- _Prompt_
Every line in the data below that includes "Pockets" belongs in the answer, copied as it stands.
START Records for the task
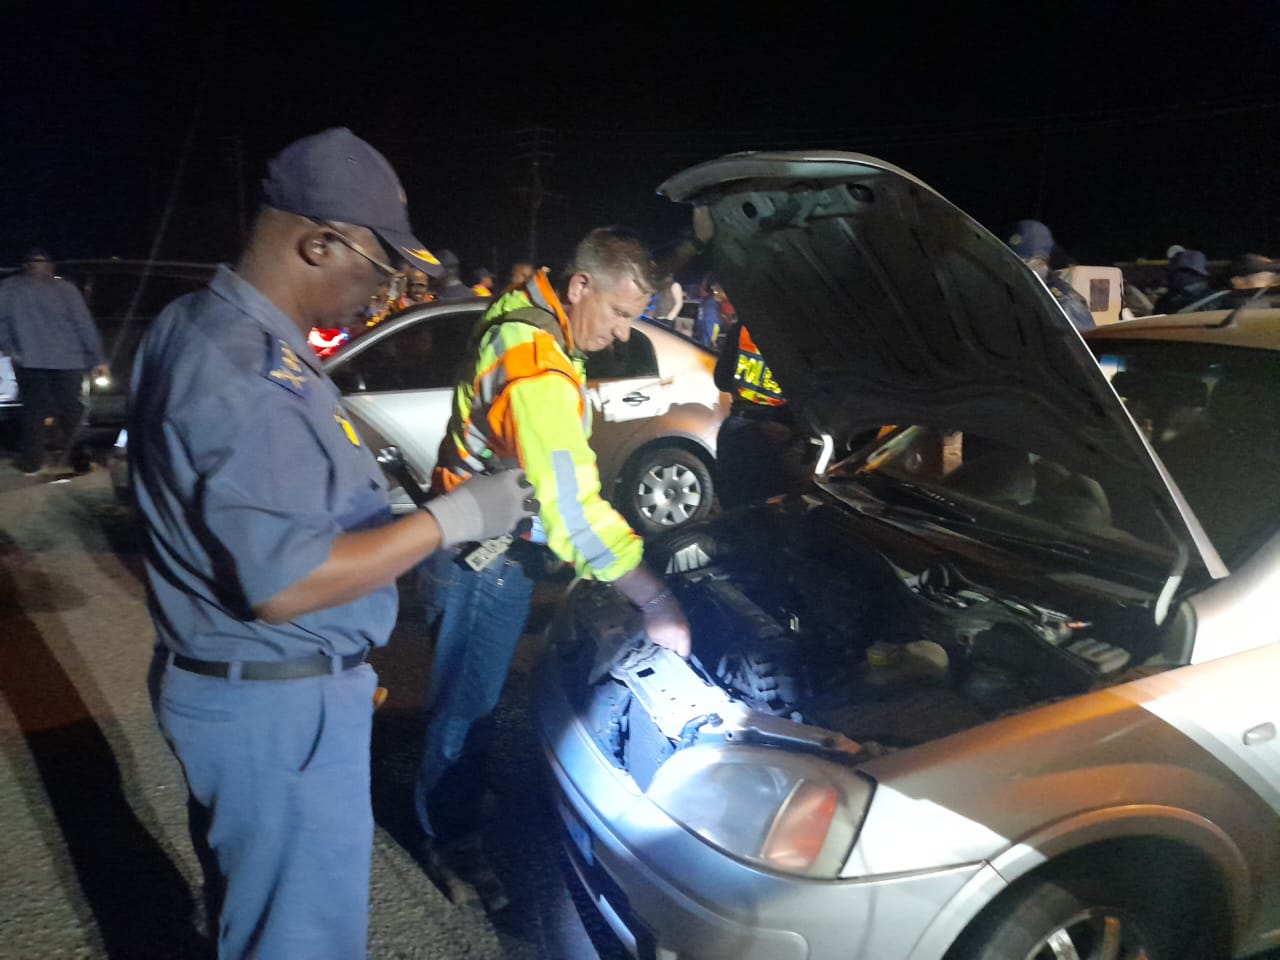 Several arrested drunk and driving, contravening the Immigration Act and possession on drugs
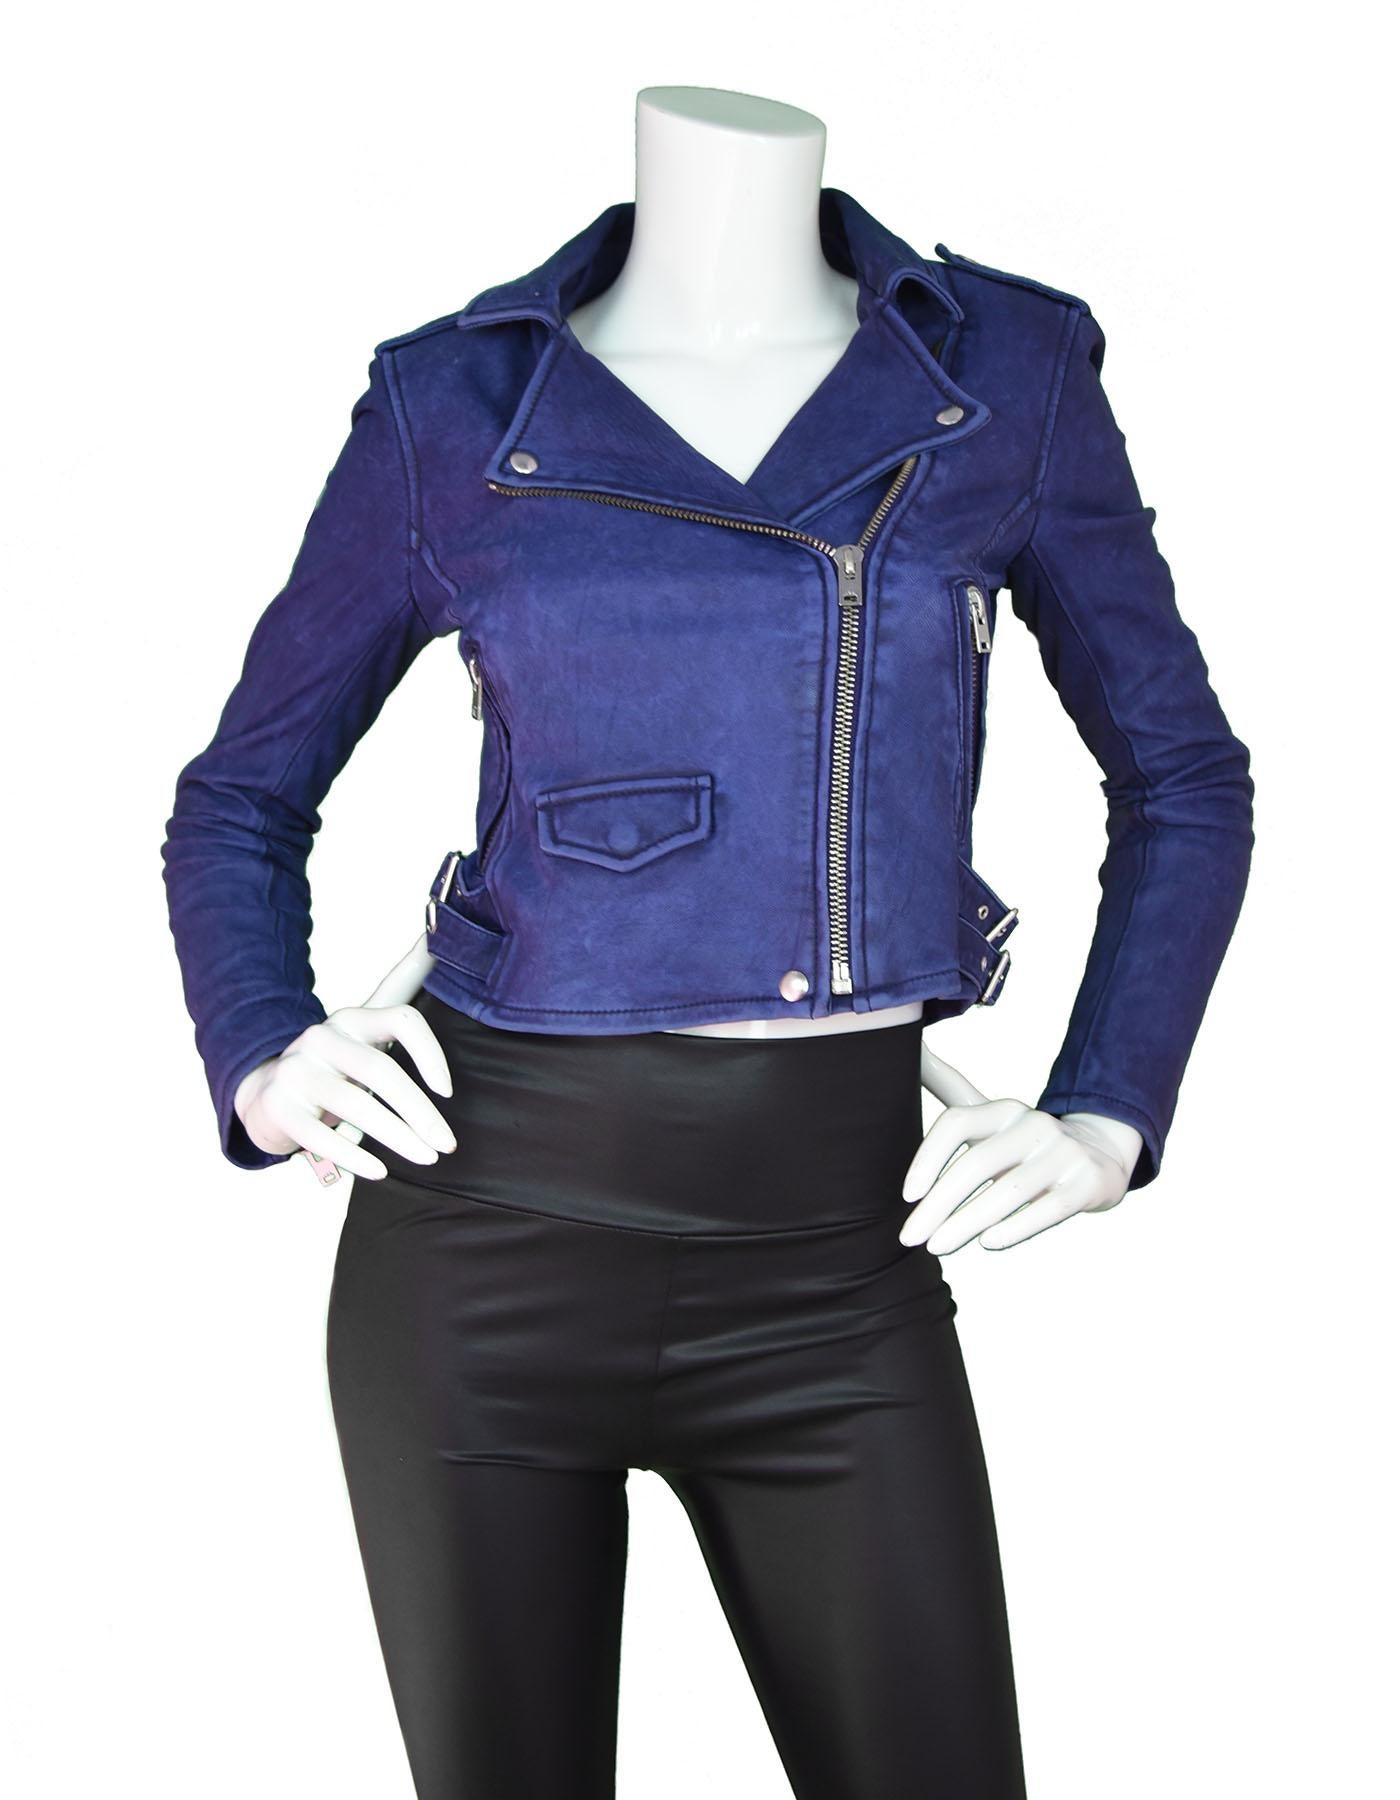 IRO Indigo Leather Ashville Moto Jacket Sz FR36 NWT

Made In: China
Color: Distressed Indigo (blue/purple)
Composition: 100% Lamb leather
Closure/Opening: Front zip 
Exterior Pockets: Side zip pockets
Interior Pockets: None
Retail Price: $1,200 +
END Records for the task
START Records for the task
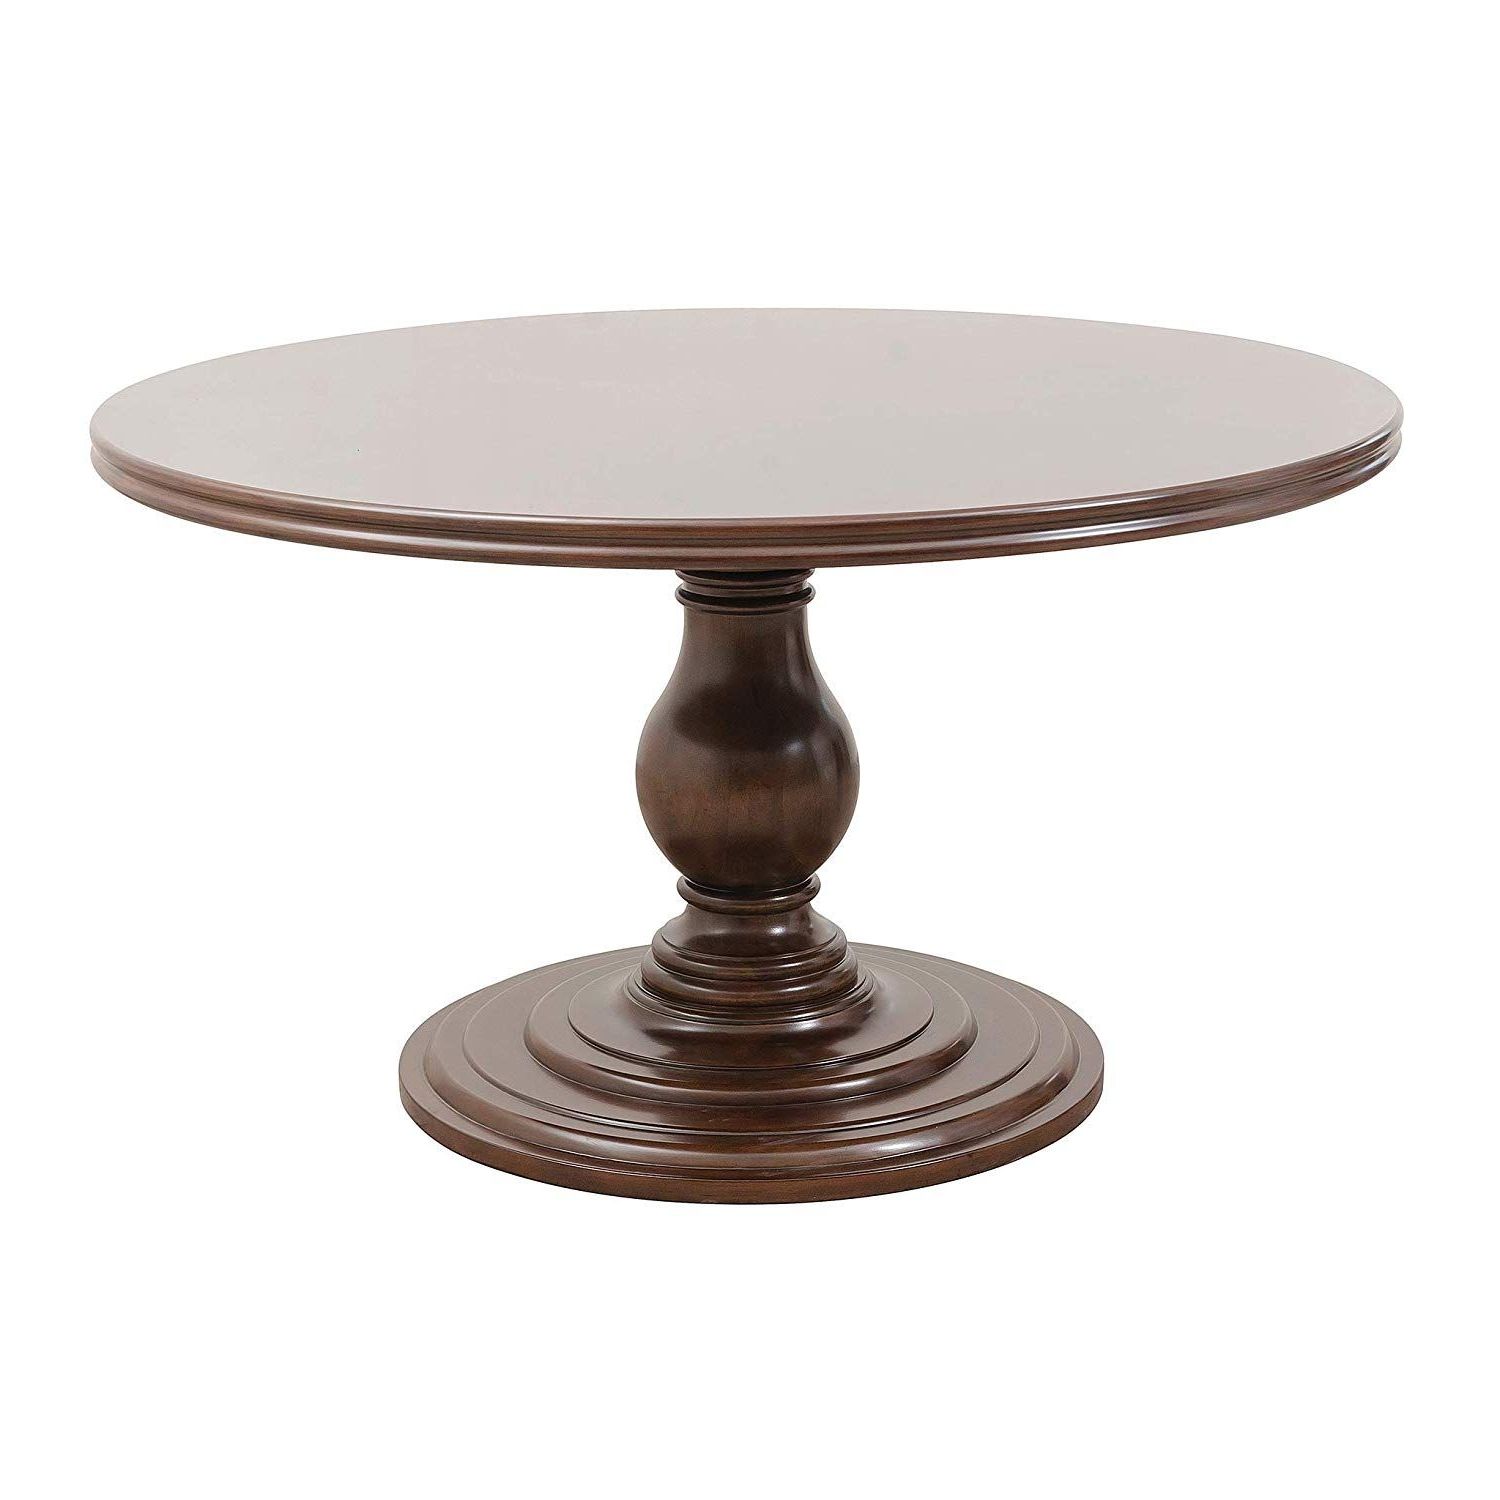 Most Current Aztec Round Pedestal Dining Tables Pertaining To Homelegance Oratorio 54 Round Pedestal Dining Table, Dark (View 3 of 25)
END Records for the task
- _Result below_
Exterior Pockets: Side zip pockets
Interior Pockets: None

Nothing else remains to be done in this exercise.